— TRY IT —
Please retype the entries below exactly, only from their first line through the line containing "Decoracion con globos", leaving every picture out.
[GIVEN RECORDS — start]
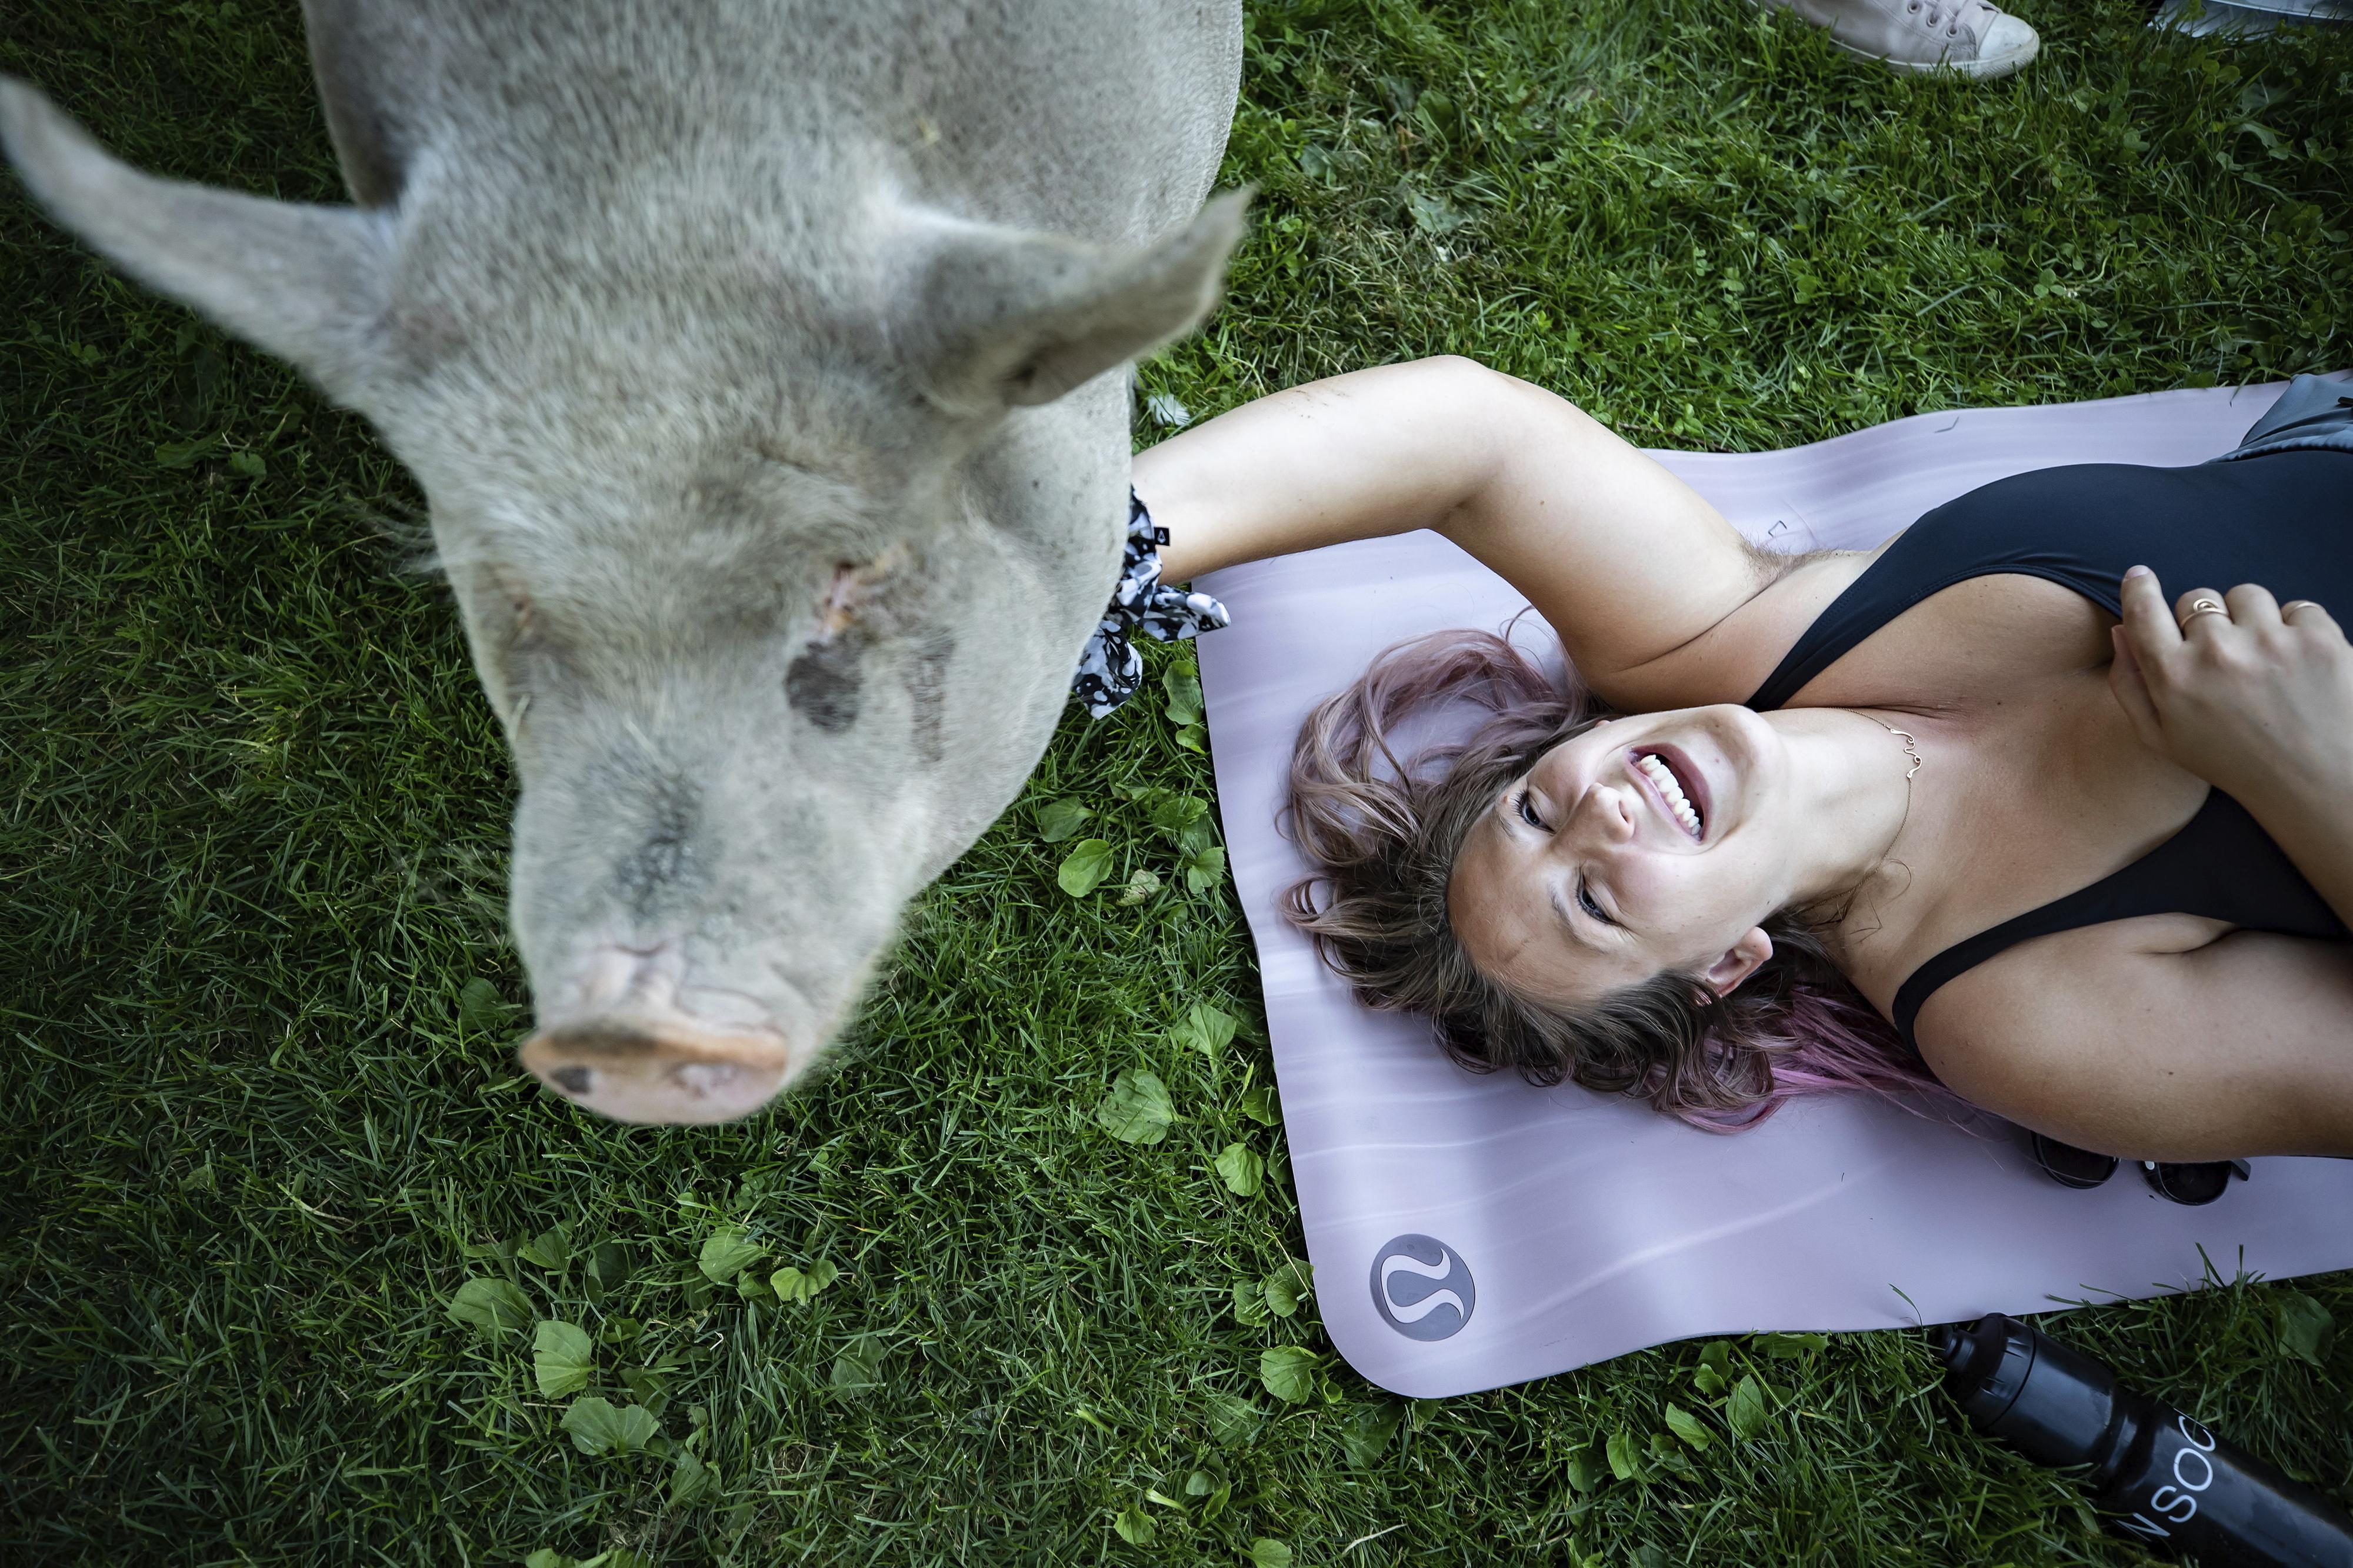 Ziegen-Yoga ist so 2019, heuer sind die Schweine dran
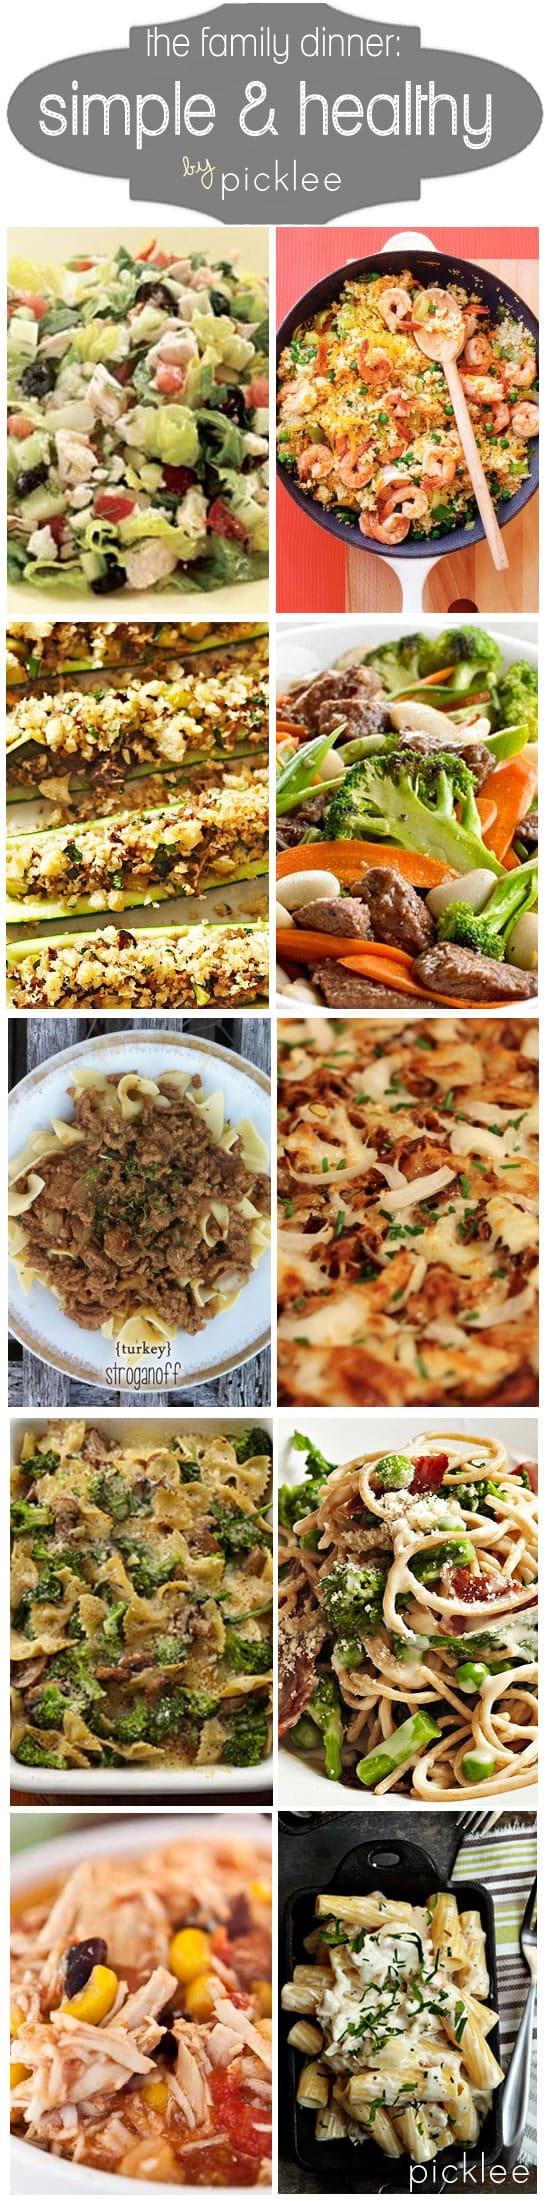 Easy Healthy Weeknight Dinners  10 Simple & Healthy Weeknight Dinners [recipes] Picklee
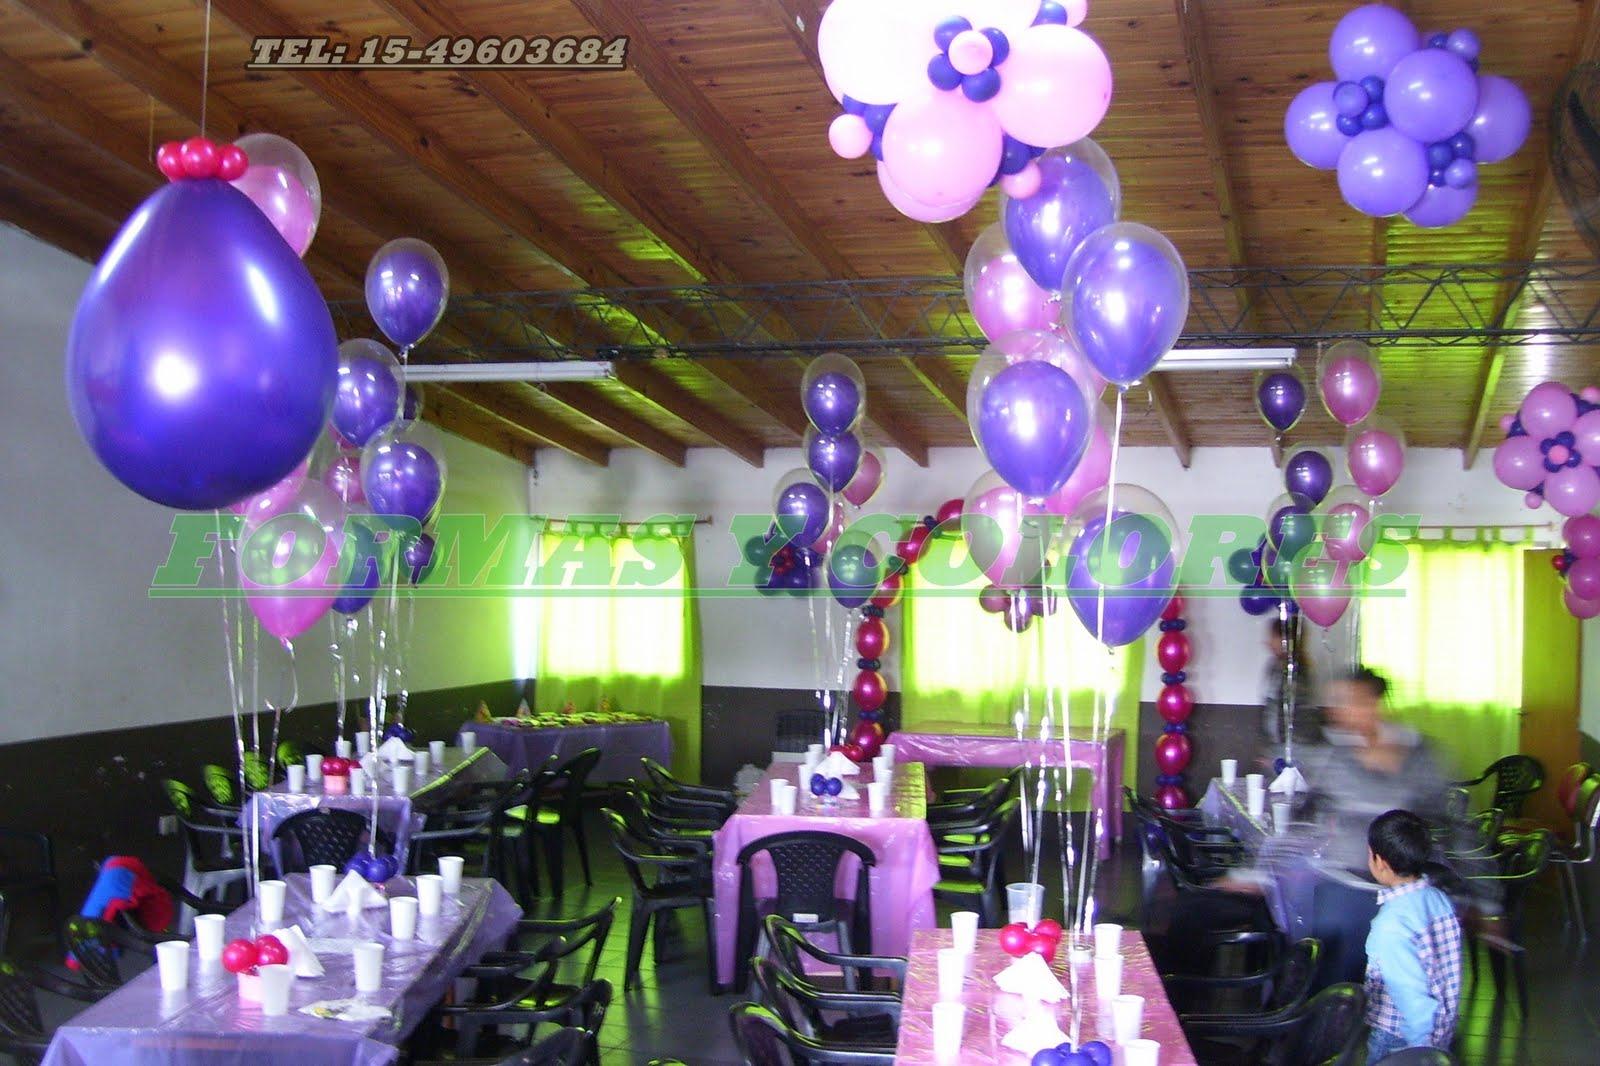 Decoracion con globos pictures - Decorar con globos ...
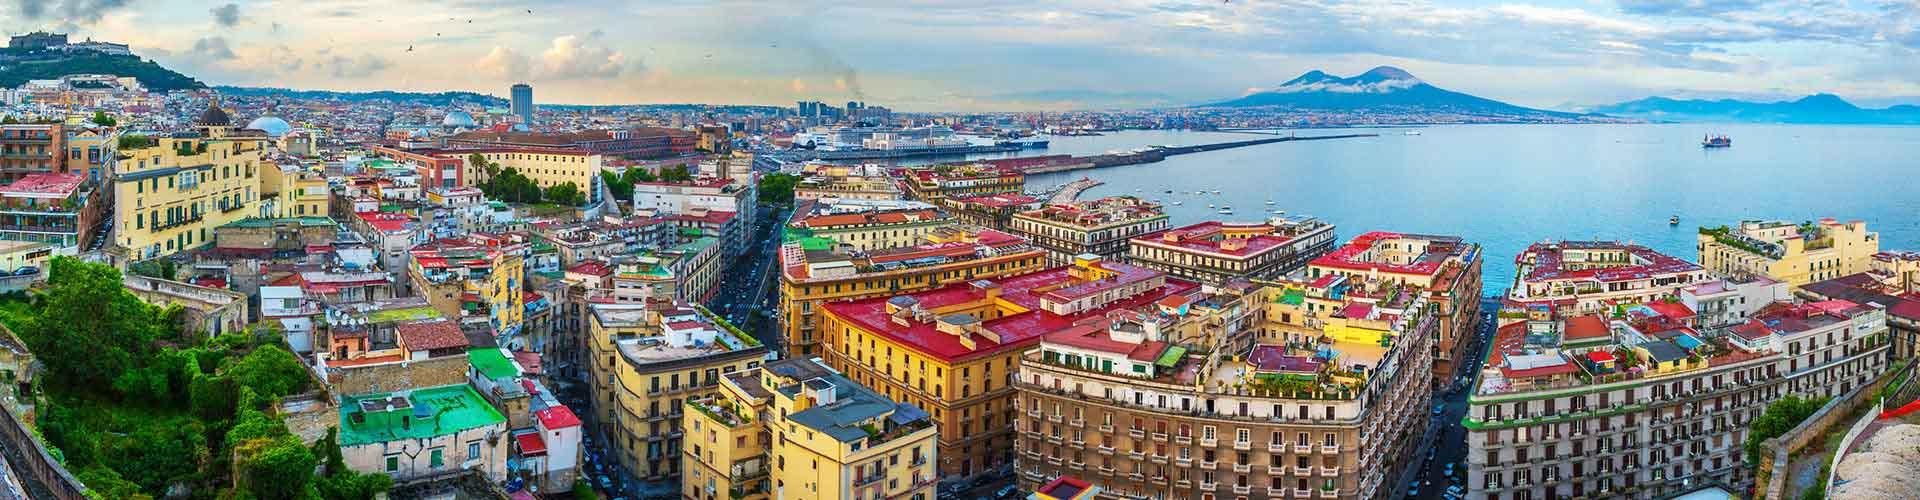 Naples - Auberges de jeunesse dans le quartier de Bagnoli. Cartes pour Naples, photos et commentaires pour chaque auberge de jeunesse à Naples.
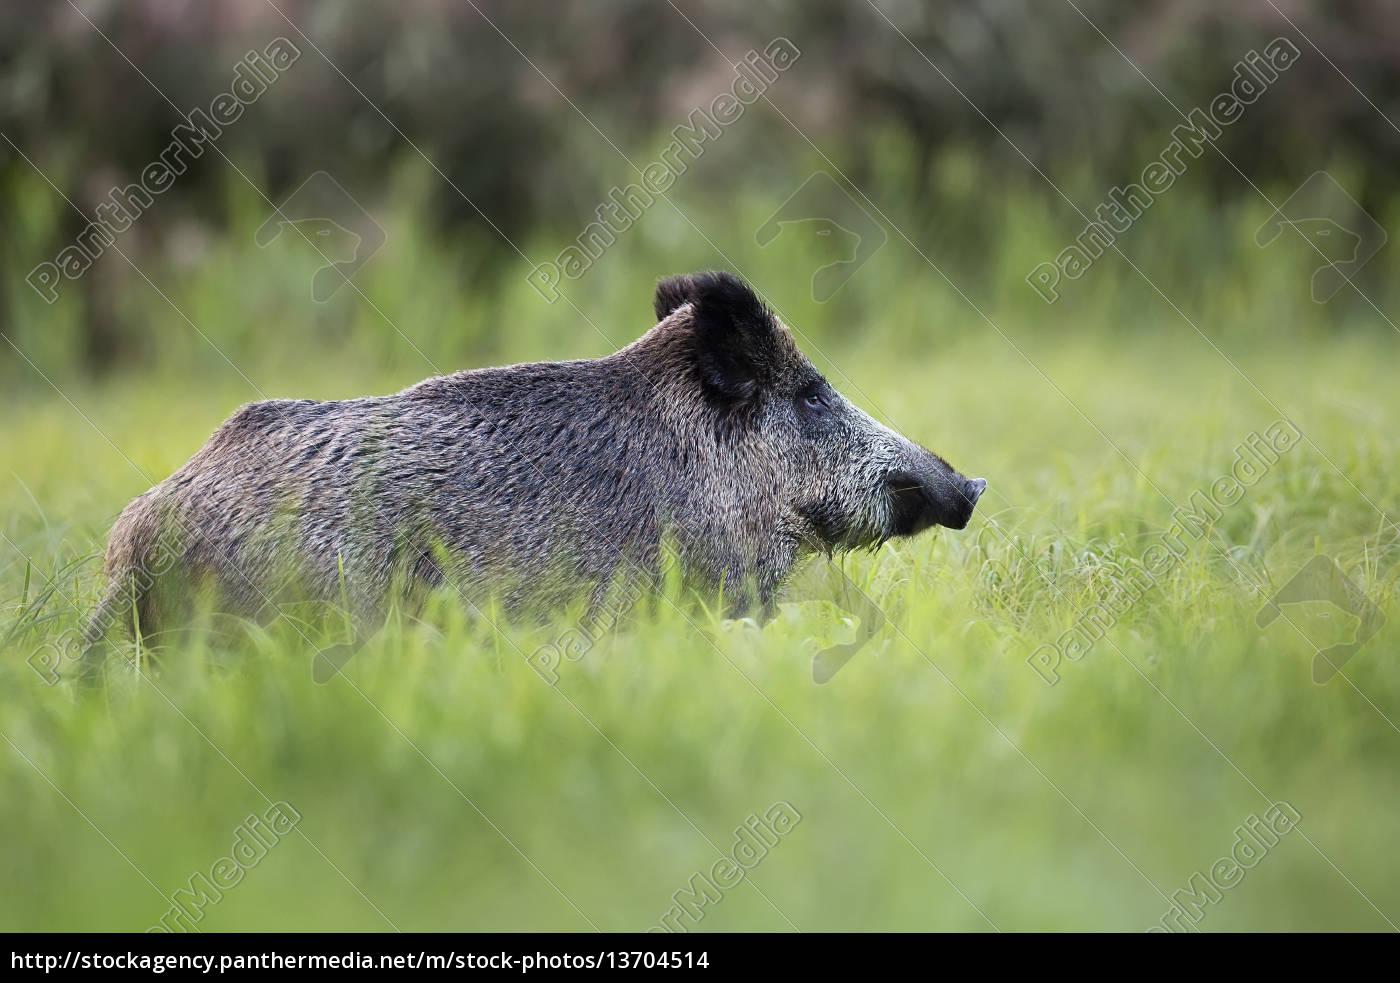 wildschweine, in, freier, wildbahn, auf, einer, lichtung - 13704514
[GIVEN RECORDS — finish]
— SOLUTION FOR THIS TASK —
 Ziegen-Yoga ist so 2019, heuer sind die Schweine dran
 Easy Healthy Weeknight Dinners  10 Simple & Healthy Weeknight Dinners [recipes] Picklee
 Decoracion con globos pictures - Decorar con globos ...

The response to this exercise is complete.